- Born: January 17, 1916 Minneapolis, Minnesota, U.S.
- Died: July 8, 2013 (aged 97) New Haven, Connecticut, U.S.
- Education: Harvard University (BA, PhD) London School of Economics
- Scientific career
- Workplaces: University of Chicago Brown University Yale University
- Doctoral advisor: Perry Miller
- Doctoral students: Joseph Ellis; Christine Leigh Heyrman; Bruce H. Mann;

= Edmund Morgan (historian) =

American historian (1916–2013)

Edmund Sears Morgan (January 17, 1916 – July 8, 2013) was an American historian and an authority on early American history. He was the Sterling Professor of History at Yale University, where he taught from 1955 to 1986. He specialized in American colonial history, with some attention to English history. Thomas S. Kidd says he was noted for his incisive writing style, "simply one of the best academic prose stylists America has ever produced." He covered many topics, including Puritanism, political ideas, the American Revolution, slavery, historiography, family life, and numerous notables such as Benjamin Franklin.

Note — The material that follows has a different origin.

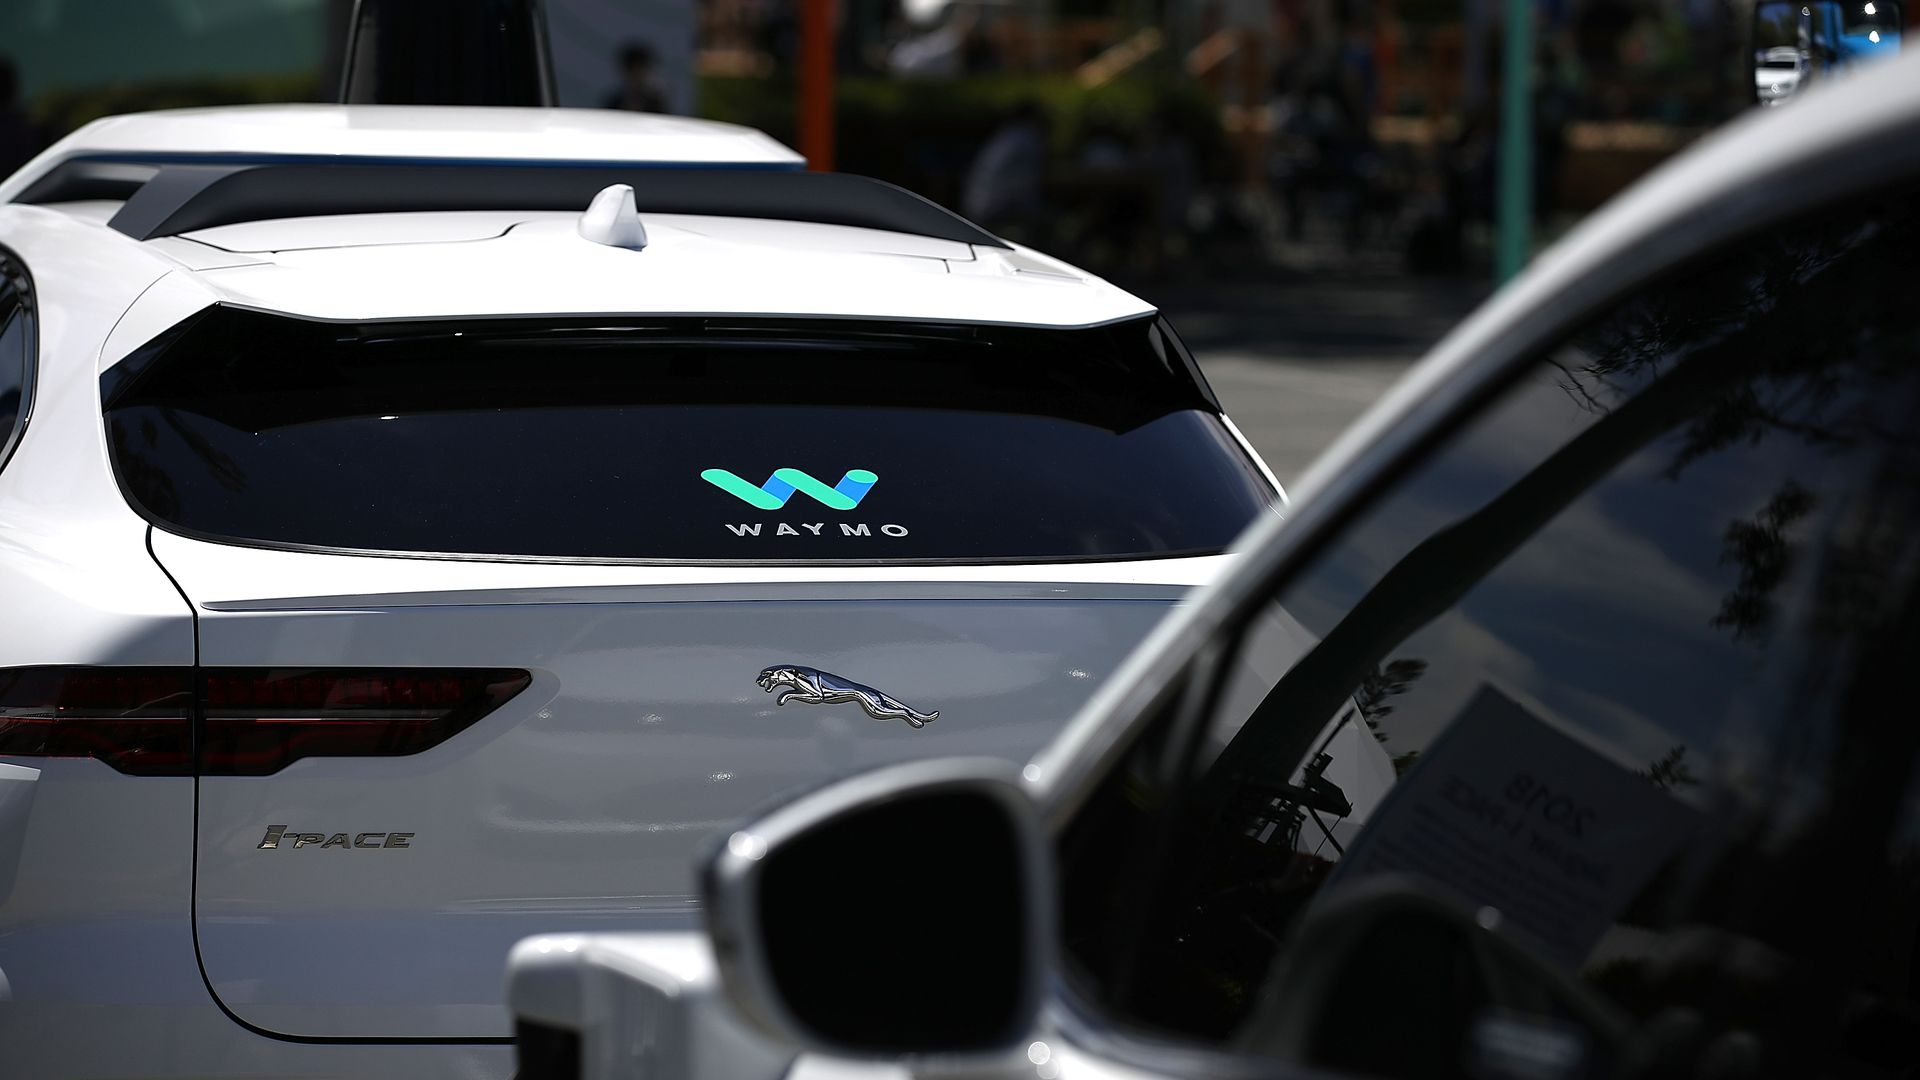 Waymo self-driving SUV

==Early life and education==
Morgan was born in Minneapolis, Minnesota, the second child of Edmund Morris Morgan and Elsie Smith Morgan. His mother was from a Yankee family that practiced Christian Science, though she distanced herself from that faith. His father, descended from Welsh coal miners, taught law at the University of Minnesota. His sister was Roberta Mary Morgan (later Wohlstetter), also a historian and, like Edmund, a winner of the Bancroft Prize.

In 1925, the family moved from Washington, D.C., to Arlington, Massachusetts, when their father was appointed a professor at Harvard Law School.

Morgan attended Belmont Hill School in Belmont, Massachusetts, and then enrolled at Harvard College, where he initially intended to study English history and literature. But after taking a course in American literature with F. O. Matthiessen, he switched to the new major of American civilization (history and literature), with Perry Miller as his tutor. He received his bachelor's degree from Harvard in 1937. Then, at the urging of the jurist and family friend Felix Frankfurter, Morgan began attending lectures at the London School of Economics.

In 1942, Morgan earned his Ph.D. in the History of American Civilization from Harvard University with Miller as his adviser.

==Military service==
Although a pacifist, Morgan became convinced after the fall of France in June 1940 that only military force could stop Hitler, and he withdrew his application for conscientious objector status. During World War II, he trained as a machinist at the MIT Radiation Laboratory, where he turned out parts for radar installations.

==Personal life and death==
In 1939, he married Helen Theresa Mayer, who died in 1982.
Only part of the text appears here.